Al Gore promotes a live earth concert to bring awareness on global warming and owns four homes.

Ted Kennedy wants to raise taxes on everyone, yet pays little federal tax himself. He accomplishes this through a complicated tax strategy involving offshore trusts.

The Big Dig starts out in 1985 with a $2.8 billion budget estimate and $14.6 billion of federal and state dollars have been spent to date.

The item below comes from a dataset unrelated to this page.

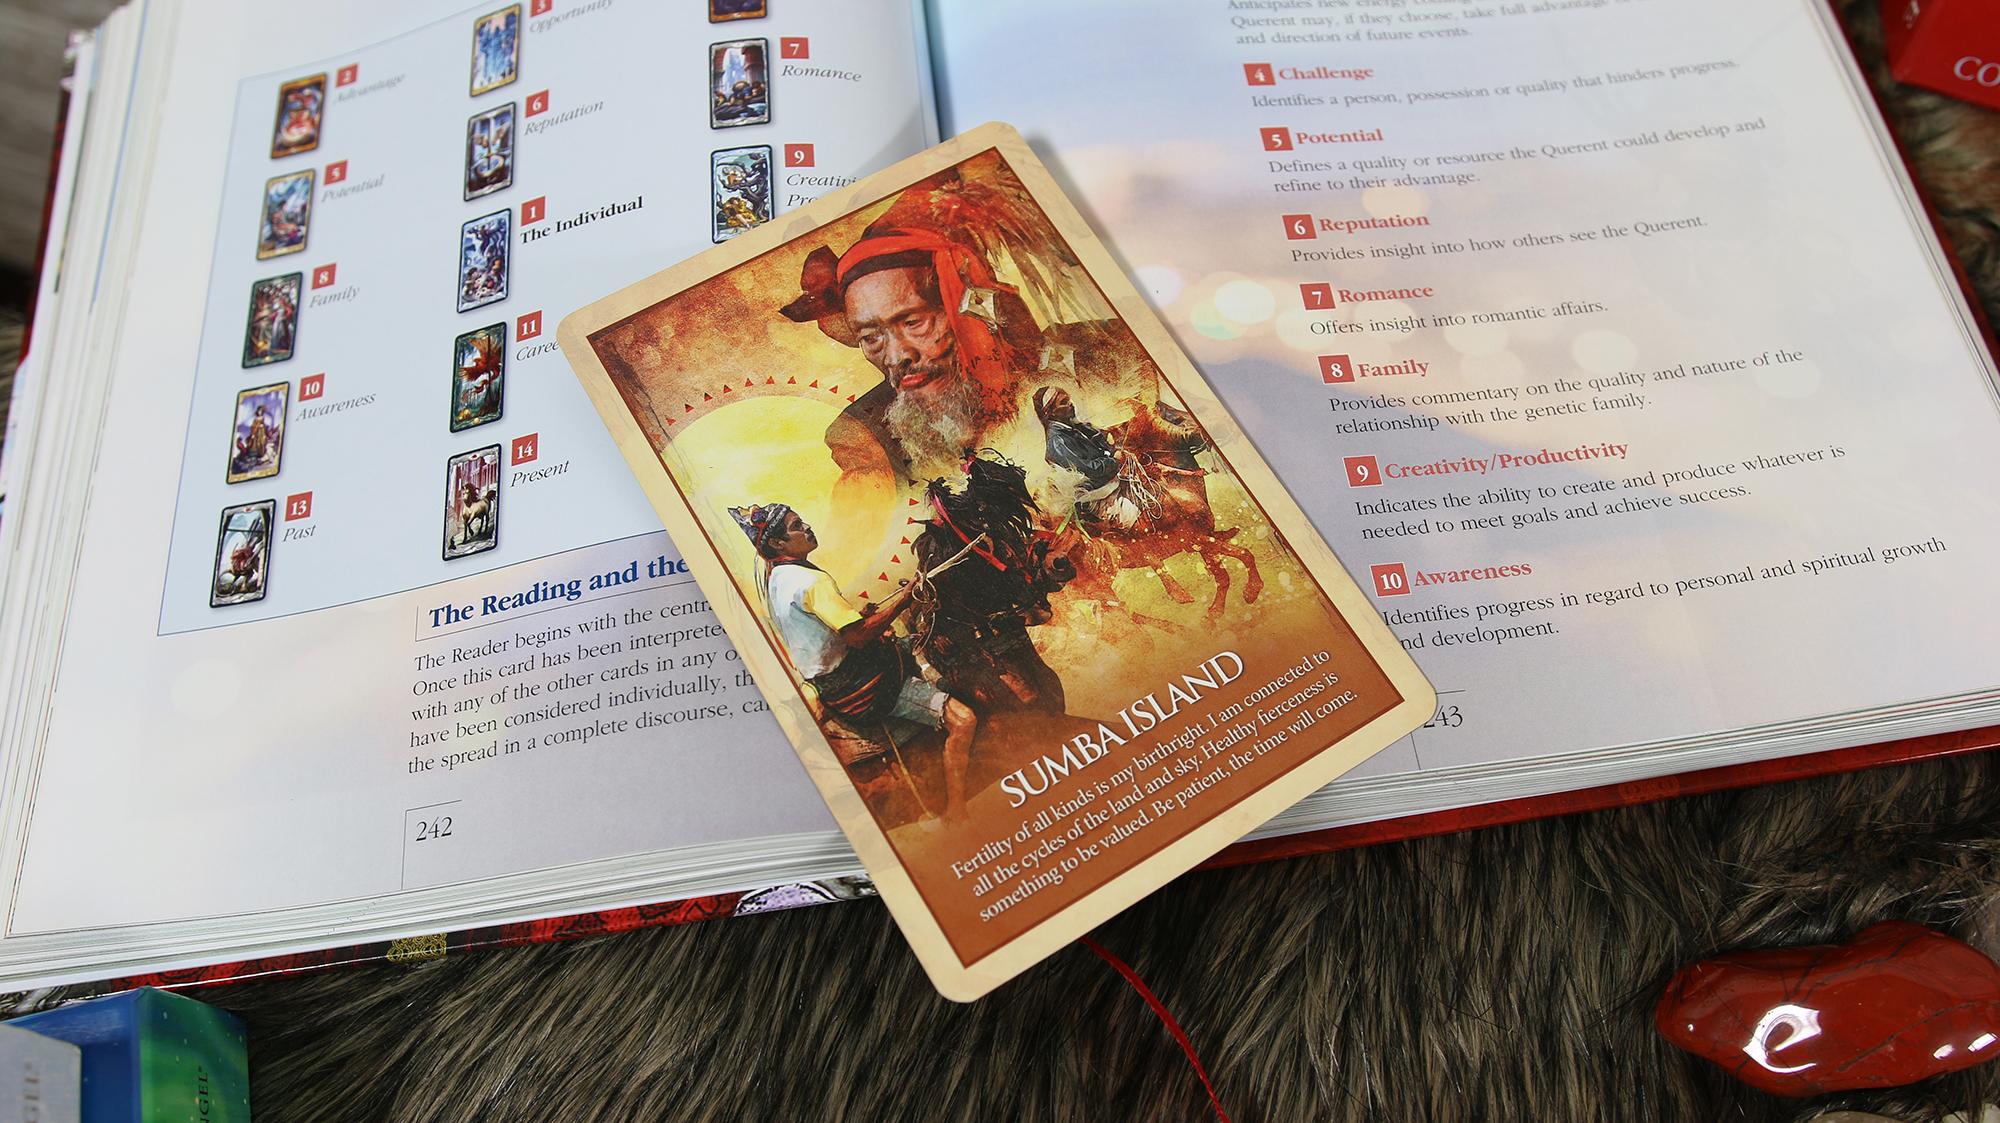 Ảnh: Nguyễn Hiếy Bộ bài: Earth Power Oracle Cards

Recent revelations have uncovered that the epoxy glue used to support the ceiling is ineffective, causing a section of ceiling to fall, killing two people.

John Edwards speaks about the disenfranchised and poor and gets $400 haircuts.

Hillary Clinton talks about a nationalized healthcare system and Bill Clinton gets paid millions by Infosys who sells phone lists and marketing lists that target those with Alzheimer's.

Bill Clinton says "I feel your pain!" and charges the secret service $10,000 per month for security services to his compound in Chappaqua N.Y. which happens to be the same amount as the monthly mortgage on the house.

The Senate refuses to discuss privatization of social security yet has its own privately-managed pension plan.

Bill and Hillary decry the commutation of "Scooter" Libby's sentence yet refuse to discuss the Marc Rich pardon or the hundreds of other pardons handed out in the last 48 hours of the second Clinton administration.

Democrats scream about Attorney General Alberto Gonzalez and demand his firing yet forget to mention Janet Reno and Ruby Ridge, Waco, Texas, and Elian Gonzalez.

The Government suggests it can build a fence along the border between Mexico and the U.S. to keep out illegals from entering.

A new petroleum refinery has not been built in the U.S. in 30 years, yet legislation to build a refinery gets bogged down in committees. And the price of gasoline goes higher.

Charles Sorkin responds:

Should this jingoistic assortment be labeled as an example of propaganda, as a political parallel to the earnings and financial propaganda decried in the Vic and Laurel's literary works?

Does Al Gore's electricity usage imply that climate change is not real, or does not pose major problems? How does his power consumption per square foot compare to other politicians' homes?

Is Rosie is a hypocrite because she won't turn her estate into a homeless shelter? And if she did, would it really help combat homelessness? When I leave my office tonight, will I be retreating, or simply going home?

Isn't Bill Clinton entitled by federal law to charge the Secret Service $10,000 per month?

Waco, Ruby Ridge, and Elian are irrelevant to the fact that Al Gonzo is not performing in a manner suitable for his office.

John Edwards pays quite a bit of money for a haircut. How do his expenditures compare with what other politicians spend on cosmetic enhancements during their own public appearances? There are large make-up and wardrobe staffs backstage at the conventions of both parties, and at televised debates. I'll bet the services of those people are really expensive!

Alex Forshaw remarks:

If you're going to make yourself the locus of protest against carbon footprints, poverty or any other alleged injustice, you would do well to not exemplify the excesses of those most responsible for causing your "crisis" in the first place. There's a big difference between pointing out a problem ("nobody is perfect"), versus hectoring society to rise to a morally pure standard which you flout every day of your existence.